RECORDS:
_____
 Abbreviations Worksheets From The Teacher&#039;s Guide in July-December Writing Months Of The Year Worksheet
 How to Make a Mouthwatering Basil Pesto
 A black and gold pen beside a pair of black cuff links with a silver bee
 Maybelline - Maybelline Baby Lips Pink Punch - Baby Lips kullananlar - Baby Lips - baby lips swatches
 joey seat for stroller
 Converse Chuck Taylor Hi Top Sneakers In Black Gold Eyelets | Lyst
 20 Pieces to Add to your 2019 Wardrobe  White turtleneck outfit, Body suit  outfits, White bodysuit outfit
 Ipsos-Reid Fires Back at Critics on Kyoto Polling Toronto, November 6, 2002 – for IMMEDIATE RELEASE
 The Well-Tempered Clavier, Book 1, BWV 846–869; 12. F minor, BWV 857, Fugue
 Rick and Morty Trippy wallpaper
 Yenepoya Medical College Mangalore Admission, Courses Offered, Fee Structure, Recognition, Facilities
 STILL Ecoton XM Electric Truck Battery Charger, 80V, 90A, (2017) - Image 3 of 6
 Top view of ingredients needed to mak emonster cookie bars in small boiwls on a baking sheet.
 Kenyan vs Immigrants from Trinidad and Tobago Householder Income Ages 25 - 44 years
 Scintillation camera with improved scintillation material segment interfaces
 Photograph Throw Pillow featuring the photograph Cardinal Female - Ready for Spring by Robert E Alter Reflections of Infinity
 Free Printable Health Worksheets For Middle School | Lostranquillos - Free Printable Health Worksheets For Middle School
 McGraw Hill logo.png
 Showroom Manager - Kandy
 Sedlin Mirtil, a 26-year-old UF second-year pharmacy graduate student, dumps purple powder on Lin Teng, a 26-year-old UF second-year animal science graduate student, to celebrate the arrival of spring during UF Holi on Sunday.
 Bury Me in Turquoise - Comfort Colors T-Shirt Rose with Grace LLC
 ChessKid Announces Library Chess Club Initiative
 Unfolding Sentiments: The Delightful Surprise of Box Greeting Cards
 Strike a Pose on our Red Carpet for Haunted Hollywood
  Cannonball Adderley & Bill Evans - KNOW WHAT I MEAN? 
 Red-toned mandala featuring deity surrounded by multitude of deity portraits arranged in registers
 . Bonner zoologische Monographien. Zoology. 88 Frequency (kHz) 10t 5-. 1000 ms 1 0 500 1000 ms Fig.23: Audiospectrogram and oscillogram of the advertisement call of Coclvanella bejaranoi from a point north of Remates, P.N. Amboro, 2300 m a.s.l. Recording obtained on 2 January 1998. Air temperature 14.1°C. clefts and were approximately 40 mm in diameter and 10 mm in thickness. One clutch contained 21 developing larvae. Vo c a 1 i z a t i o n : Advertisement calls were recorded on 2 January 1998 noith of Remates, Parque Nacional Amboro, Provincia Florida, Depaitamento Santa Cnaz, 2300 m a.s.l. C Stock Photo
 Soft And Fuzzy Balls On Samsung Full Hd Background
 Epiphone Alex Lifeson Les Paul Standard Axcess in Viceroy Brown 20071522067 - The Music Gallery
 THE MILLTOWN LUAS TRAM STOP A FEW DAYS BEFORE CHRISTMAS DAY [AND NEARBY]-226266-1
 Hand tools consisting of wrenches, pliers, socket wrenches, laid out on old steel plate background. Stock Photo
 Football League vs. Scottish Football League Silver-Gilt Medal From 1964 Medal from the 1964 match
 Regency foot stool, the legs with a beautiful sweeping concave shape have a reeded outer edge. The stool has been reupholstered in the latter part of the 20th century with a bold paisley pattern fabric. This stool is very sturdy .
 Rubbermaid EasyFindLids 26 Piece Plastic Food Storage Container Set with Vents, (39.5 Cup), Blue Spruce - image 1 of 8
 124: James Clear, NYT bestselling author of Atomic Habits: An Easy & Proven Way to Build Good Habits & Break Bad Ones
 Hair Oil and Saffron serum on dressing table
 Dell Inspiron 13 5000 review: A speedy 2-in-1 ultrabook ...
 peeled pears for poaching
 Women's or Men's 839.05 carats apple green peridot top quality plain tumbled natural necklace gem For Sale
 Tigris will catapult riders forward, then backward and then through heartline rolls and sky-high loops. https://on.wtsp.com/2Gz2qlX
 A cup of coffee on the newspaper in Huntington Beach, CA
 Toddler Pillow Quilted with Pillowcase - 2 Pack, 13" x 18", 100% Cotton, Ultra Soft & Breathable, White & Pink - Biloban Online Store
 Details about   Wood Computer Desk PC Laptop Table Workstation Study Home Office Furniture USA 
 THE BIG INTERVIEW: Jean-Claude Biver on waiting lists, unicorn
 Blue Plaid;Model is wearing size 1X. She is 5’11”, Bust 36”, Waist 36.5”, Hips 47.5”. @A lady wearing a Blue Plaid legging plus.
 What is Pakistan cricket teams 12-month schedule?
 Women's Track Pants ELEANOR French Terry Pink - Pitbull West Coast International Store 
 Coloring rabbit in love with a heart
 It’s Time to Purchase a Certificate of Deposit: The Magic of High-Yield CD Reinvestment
_____
Give only the lines from the one holding "Rick and Morty Trippy wallpaper" through the one holding "Showroom Manager - Kandy", each restated exactly as it appears above.

 Rick and Morty Trippy wallpaper
 Yenepoya Medical College Mangalore Admission, Courses Offered, Fee Structure, Recognition, Facilities
 STILL Ecoton XM Electric Truck Battery Charger, 80V, 90A, (2017) - Image 3 of 6
 Top view of ingredients needed to mak emonster cookie bars in small boiwls on a baking sheet.
 Kenyan vs Immigrants from Trinidad and Tobago Householder Income Ages 25 - 44 years
 Scintillation camera with improved scintillation material segment interfaces
 Photograph Throw Pillow featuring the photograph Cardinal Female - Ready for Spring by Robert E Alter Reflections of Infinity
 Free Printable Health Worksheets For Middle School | Lostranquillos - Free Printable Health Worksheets For Middle School
 McGraw Hill logo.png
 Showroom Manager - Kandy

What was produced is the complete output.